Great and Precious Things
Page 23
“I’m not a replacement for Sullivan!” I shouted at her. At the world. At God. At whoever cared enough to listen.
The breeze carried the steam away just long enough to see her stricken face. “No,” she whispered, but it carried. “Sullivan was the replacement for you.”
What did she just say? I stopped treading water and immediately sank as she turned her back on me and swam toward the other side.
I dove underwater and shot across the pool, coming up in front of her. We both gasped. Me for air and her with surprise.

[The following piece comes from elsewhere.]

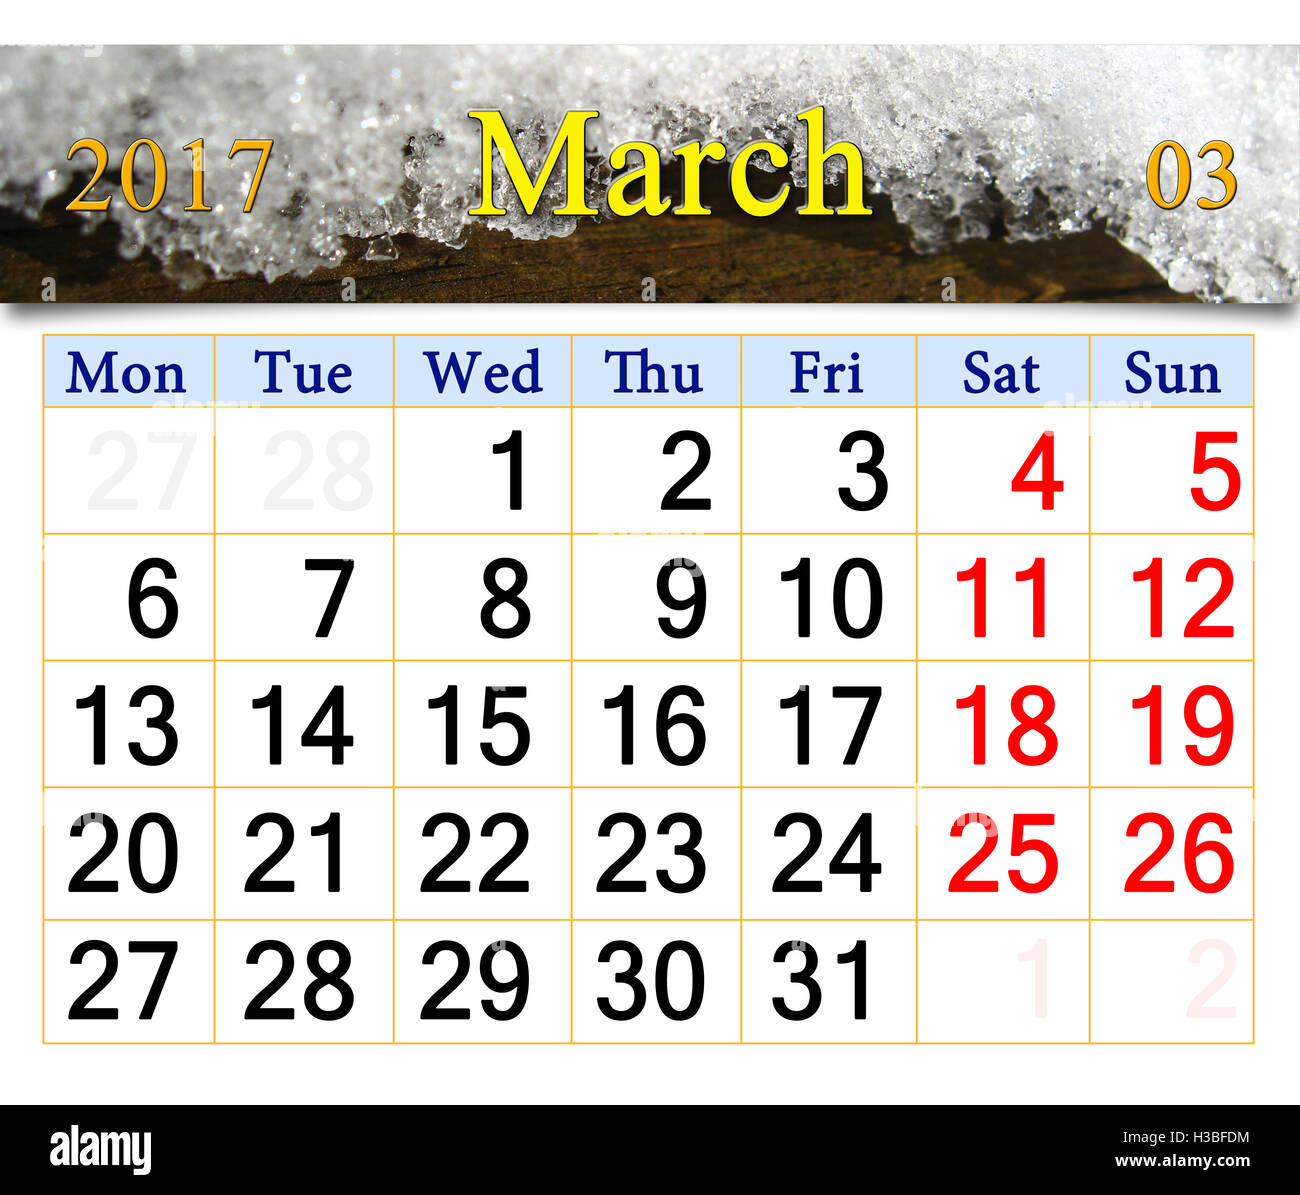 Calendario para marzo de 2017, con una capa de nieve sobre el árbol. Calendario para imprimir y usar en la oficina. Foto de stock

“Say it again,” I demanded.
“Do you hate me?” She flattened her lips between her teeth as tiny droplets of water slipped down her face. “It would fit, since I hated myself. You were home for the summer after your freshman year of college, and I saw the girls hanging all over you in Julie’s hot tub, and you didn’t push them away, and it hit me that you never would. Not for me. You didn’t see me like that.”
But I did. I’d just never acted on it.
“Sullivan found me crying, and he kissed me, and I let him because it dulled the pain. I used him, and he let me, and I grew to love him for it, and eventually for everything else, but I knew I couldn’t love him like he loved me. Not when I didn’t have a whole heart to give him.” Her mouth trembled. “Not so bright and shiny now, am I?”
How could she not see that her vulnerability, her honesty, made her that much brighter?
“Say it again,” I repeated, my tone bordering on a plea. I needed to hear it more than I needed my next meal or my next breath. Her words could sustain or destroy me.
She looked away, waging an internal battle I couldn’t fight for her. When she brought her eyes back to mine, the fear there was laced with a resolve that had me holding my breath.
“It was always you, Cam.” She closed the inches between us, resting her hands on my chest, on the heart she didn’t realize only beat because hers did. “I’ve loved you since forever. I’ve been in love with you since I was old enough to understand what that meant. No one else ever had a shot of getting close. How could they, when you took my heart with you?”
She loved me. She’d always loved me. She’d wanted me, and I’d been too scared to put myself out there for her, to risk her rejection or her acceptance. I had the strength not to act on my own feelings, but I could never reject hers.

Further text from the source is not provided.